# Information provided

* * * * * * *

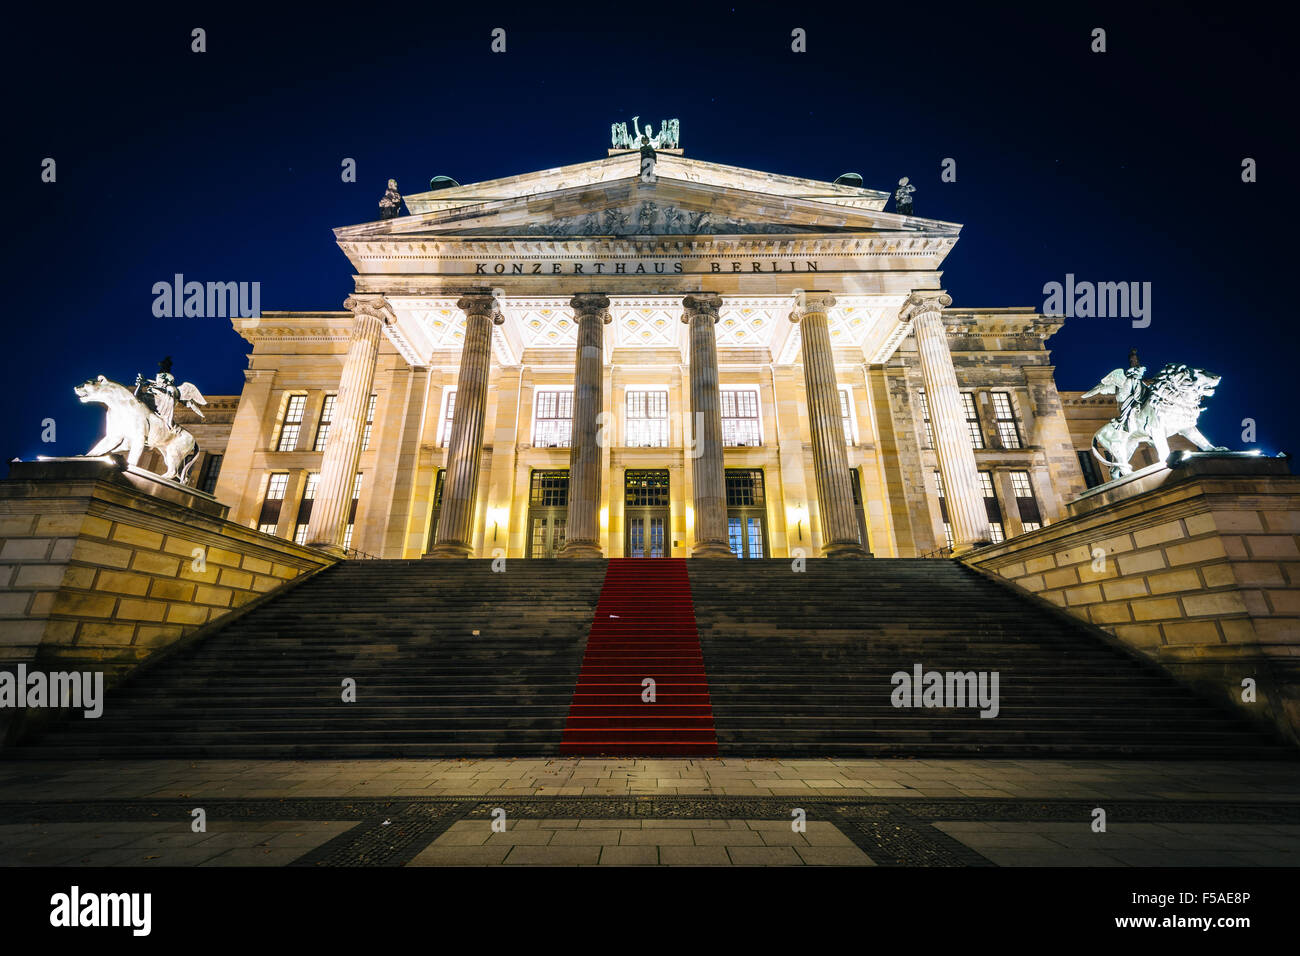 Das Konzerthaus Berlin in der Nacht, am Gendarmenmarkt in Berlin, Deutschland. Stockfoto
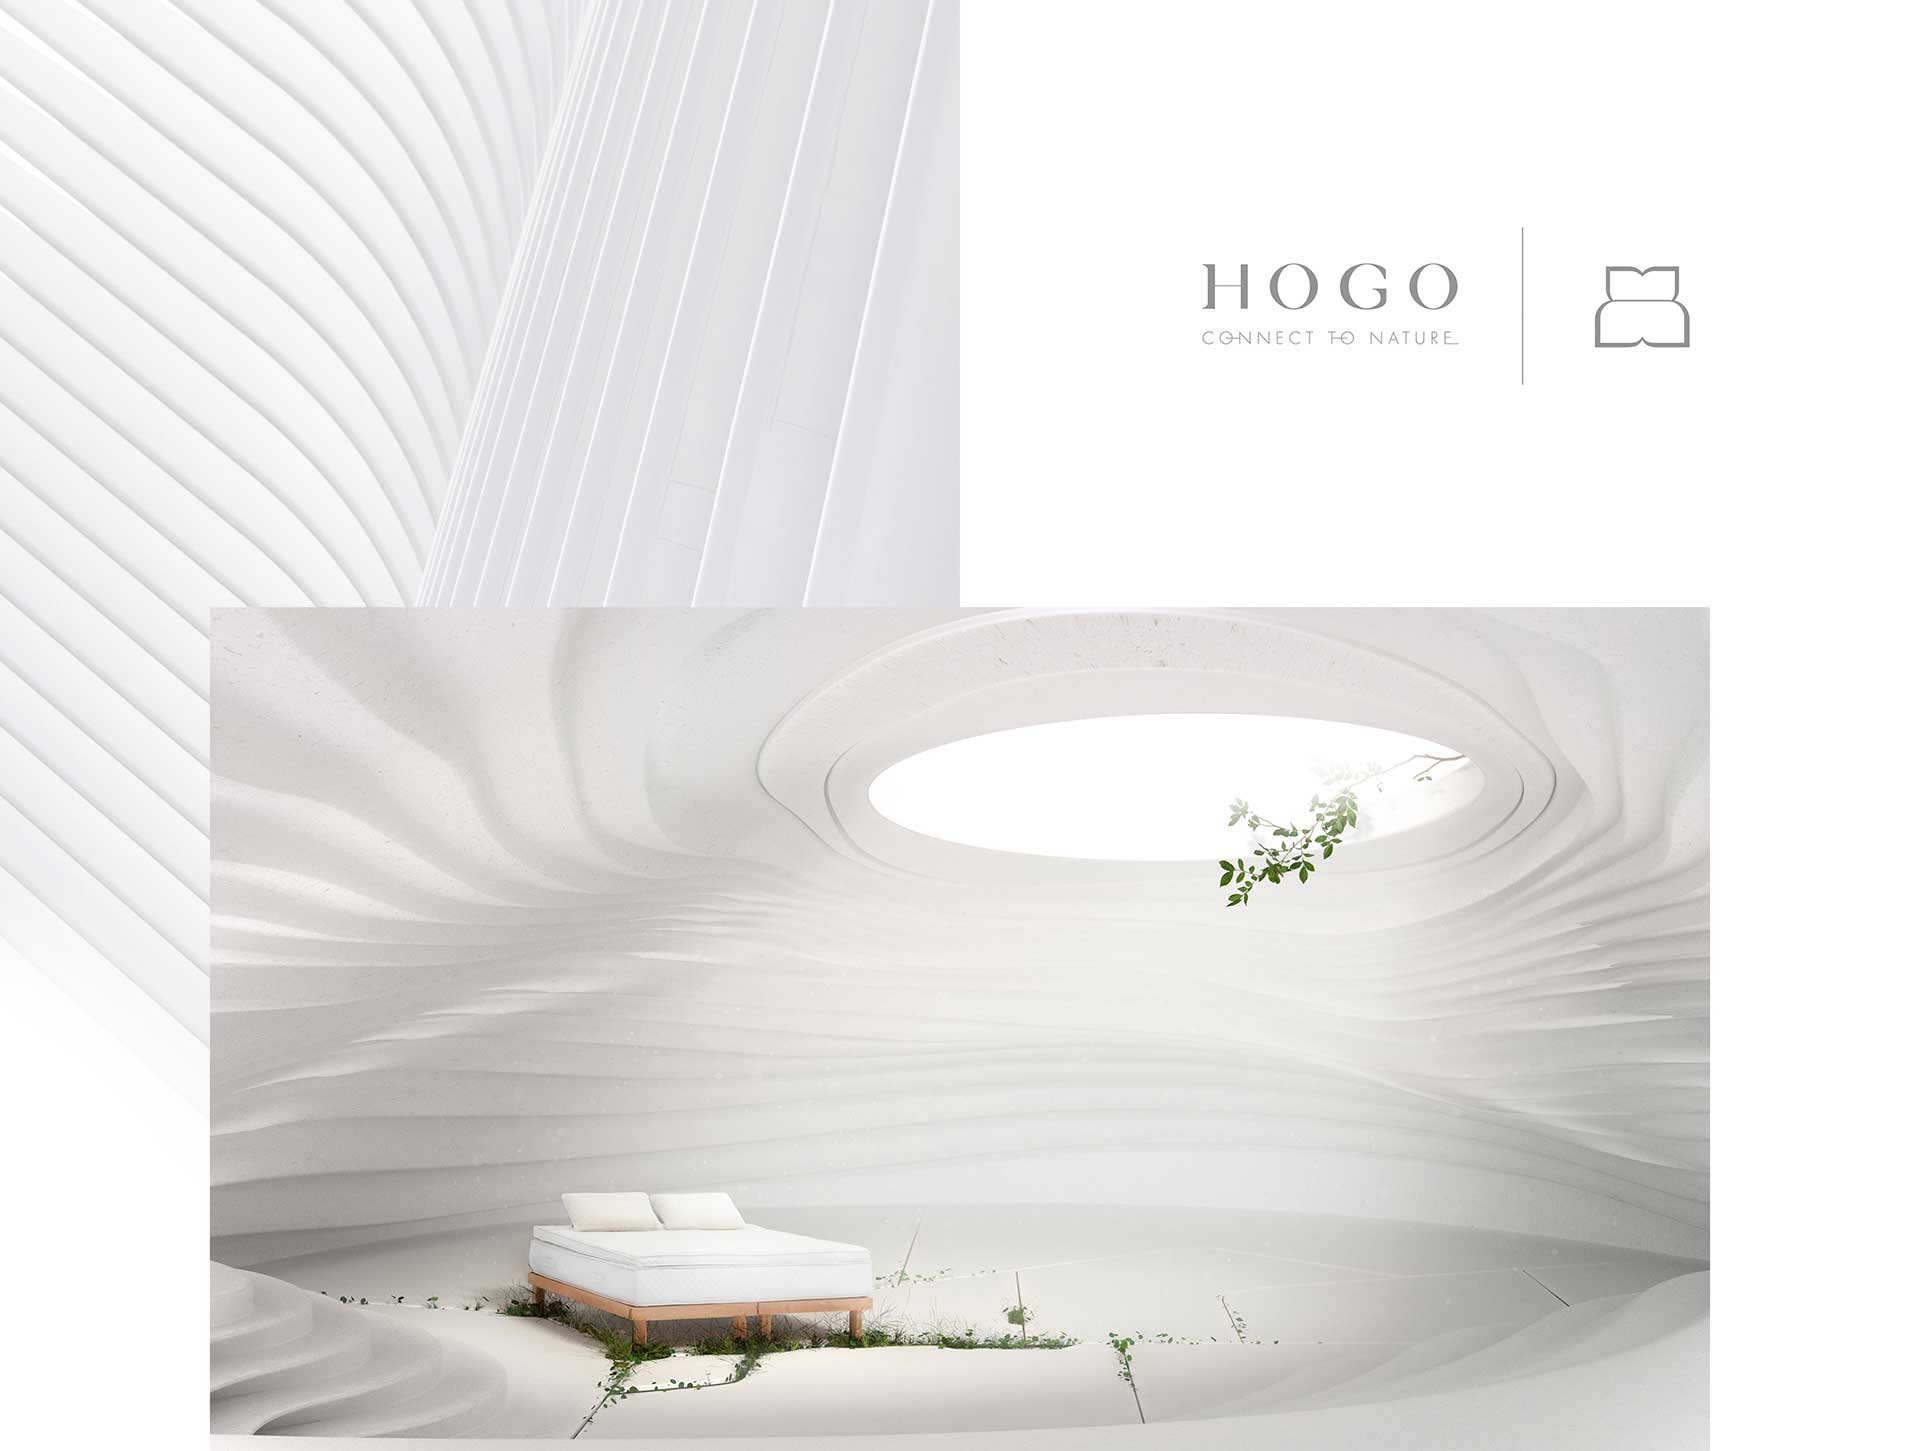 Logotipo HOGO eleyuve
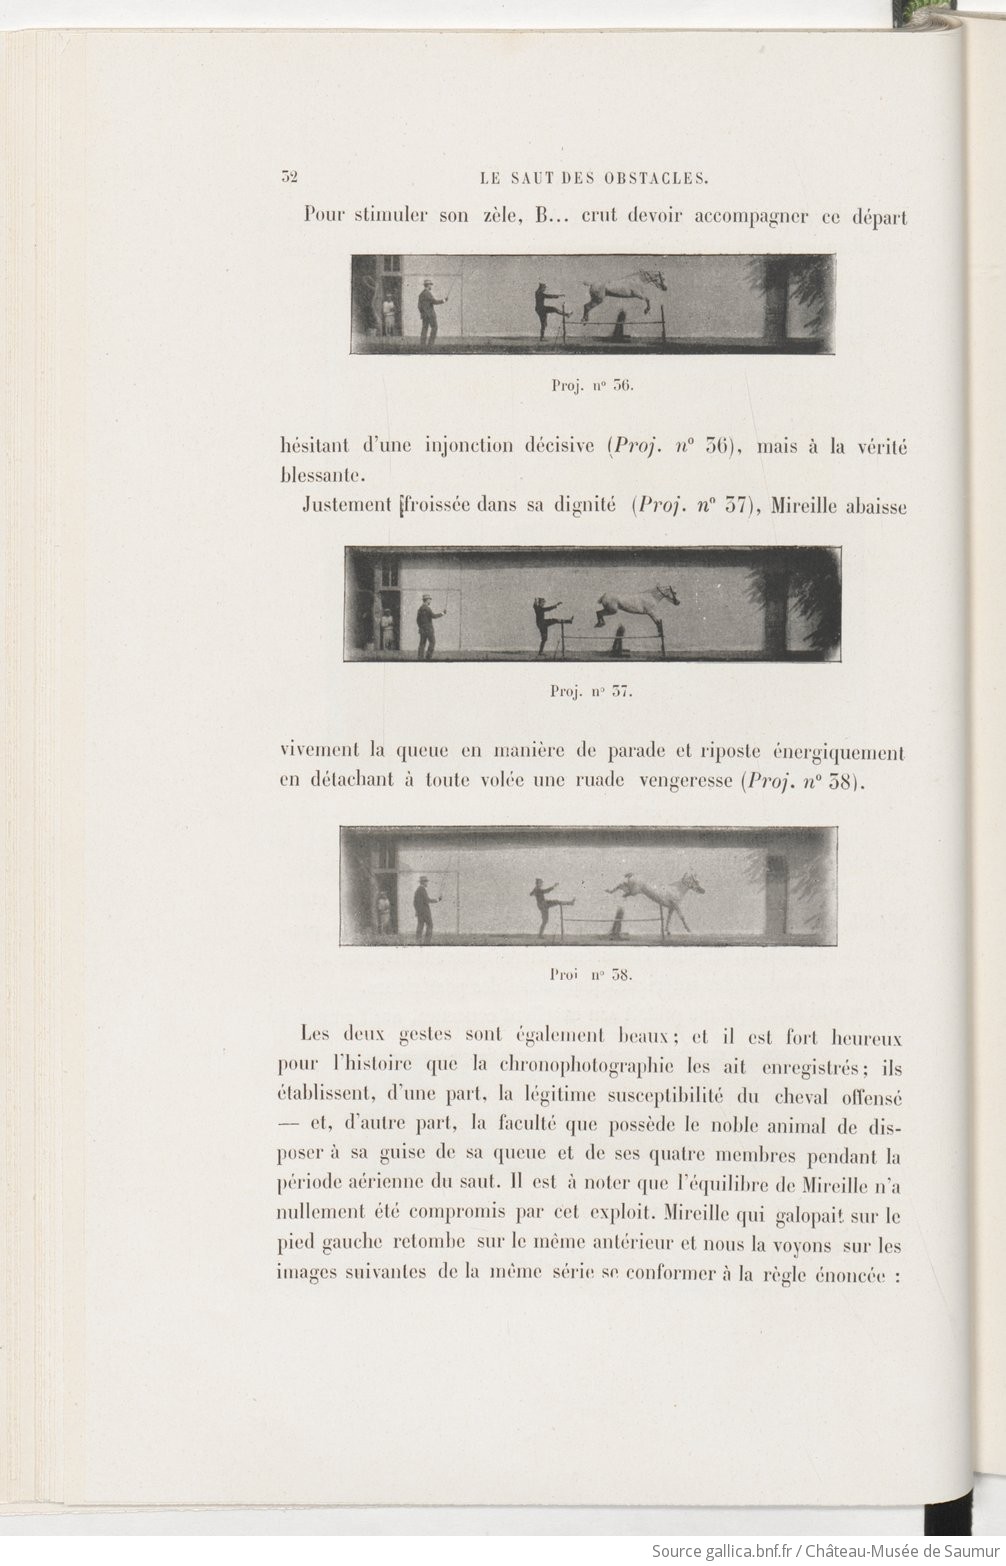 Le Saut des obstacles, recherches, Maxime Guérin-Catelain, 1898

* * * * * * *

Leave the images out and transcribe the rest of the material exactly.

# Written response
 Das Konzerthaus Berlin in der Nacht, am Gendarmenmarkt in Berlin, Deutschland. Stockfoto
 Logotipo HOGO eleyuve
 Le Saut des obstacles, recherches, Maxime Guérin-Catelain, 1898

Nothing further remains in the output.